Clearly, I’m in no position to tell other people how to file their myriad documents —test results, bug reports, articles, correction letters, and so forth—that might be needed when testing a system. But at least I speak with the experience of a common person rather than a filing genius (like a former secretary who filed the cans of food in her kitchen alphabetically).
Probably the most important principle I’ve learned is to think, when putting something away, about the question I’ll be asking when I want to retrieve it. That question is my best guide as to where to file it. Recently, when I’ve been unable to reduce an important item to a single question, I’ve taken to filing a reference to the item in extra places. Or, if it’s filed digitally, I add at least one keyword for each possible question.
Throwing Things Away
Filing multiple references tends to compound another problem of mine, based on the universal law: “Files Fill.” I’ve noticed that good testers have a sense of when to rid themselves of things. I don’t have this sense, and it has always cost me much wasted effort when searching for something.
When I used to work for IBM (which stood for “I’ve Been Moved”), every time I packed my files to move I would purge about 1/3 of my filed material. Now that I don’t move as frequently, I tend to drown in my files. Once in a while, though, I become seized with a cleaning fit and go through a drawer or two, or tidy up a few folders. Still, I’m still trying to learn something good about filing—or, rather, unfiling.
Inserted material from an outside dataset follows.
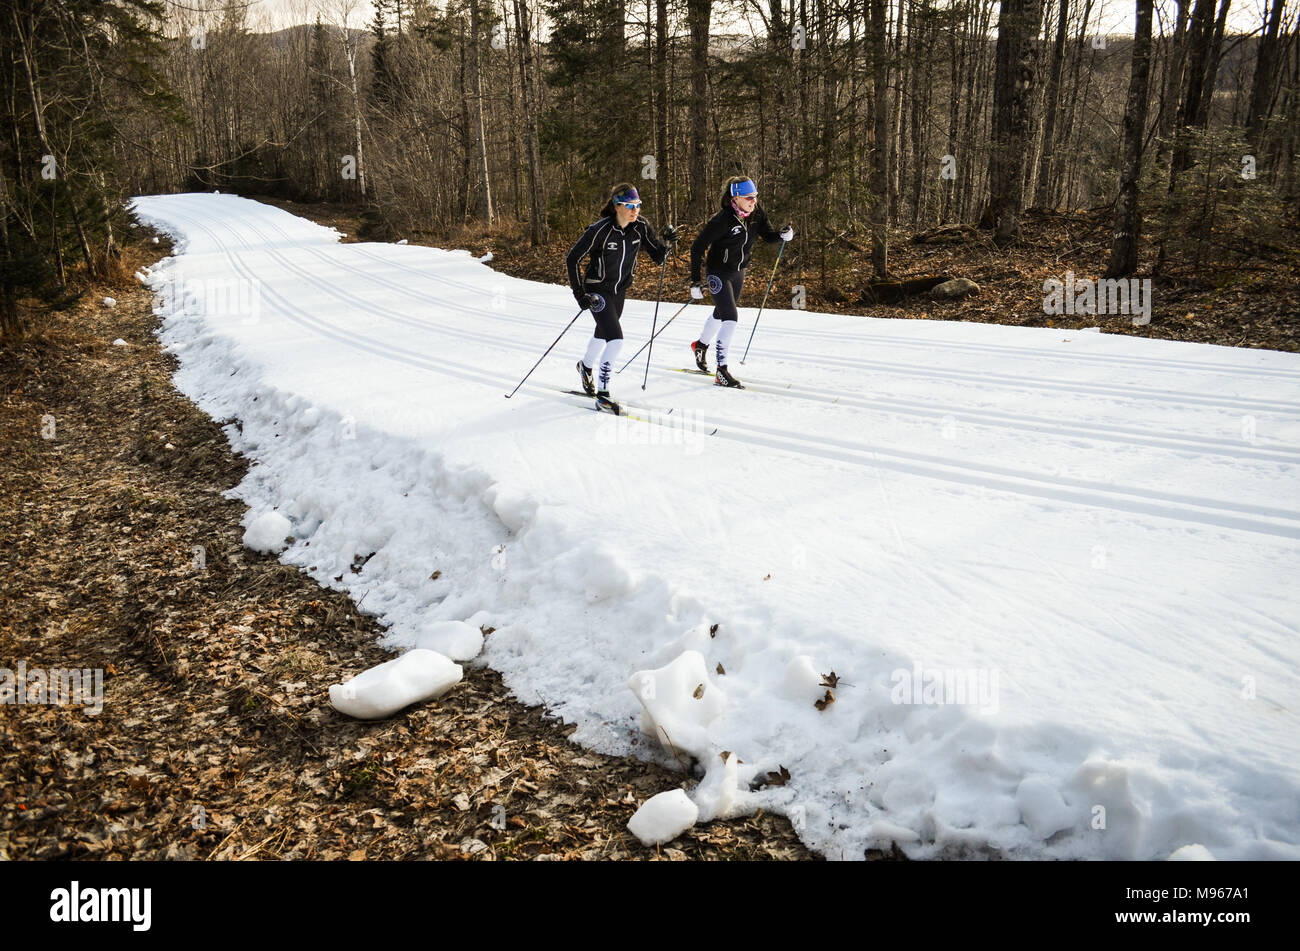 Gli amanti dello sci di fondo sci su di un nastro di neve artificiale nel nord del Vermont in marzo a Craftsbury Outdoor Center. Non c'era neve naturale. Foto Stock

Learn Something New Before Sleeping
My father was an extraordinarily smart man. Somewhere in my early years, he told me that he would never go to bed at night unless he had learned something new that day. Somehow that made sense to me, perhaps because I wanted to be smart like my father. For whatever reason, I have followed this habit for my entire life. I was never one of those people who felt he could learn only in a classroom, so every night, before hitting the pillows, I review my day for learnings. My journal helps. If I cannot think of anything worth writing down, I go to my library and grab a book. Or, nowadays, I’ll go online and browse until I find something of value.
Sometimes, it’s something new. Others, it’s a reminder of something I used to know, but have forgotten. Once in a great while, I try to retire without this learning, but I’ve discovered that this habit is so ingrained that I cannot fall asleep. So, I get up from bed and start the learning process over again.
Learning From Others
Which brings me to the final habit on my list, undoubtedly the one that has done more than all the others to make me a better tester.
I don’t know how I acquired this habit—I certainly didn’t have it when I was in school. Somewhere along the line, I developed the habit of listening to other people. And watching them.
Of course, I try to learn from my own mistakes, but my ego makes it hard to learn from them. Besides there are so many other people making mistakes that I can learn even more from their blunders. I think that’s how Dani learned how to train dogs—and dog owners.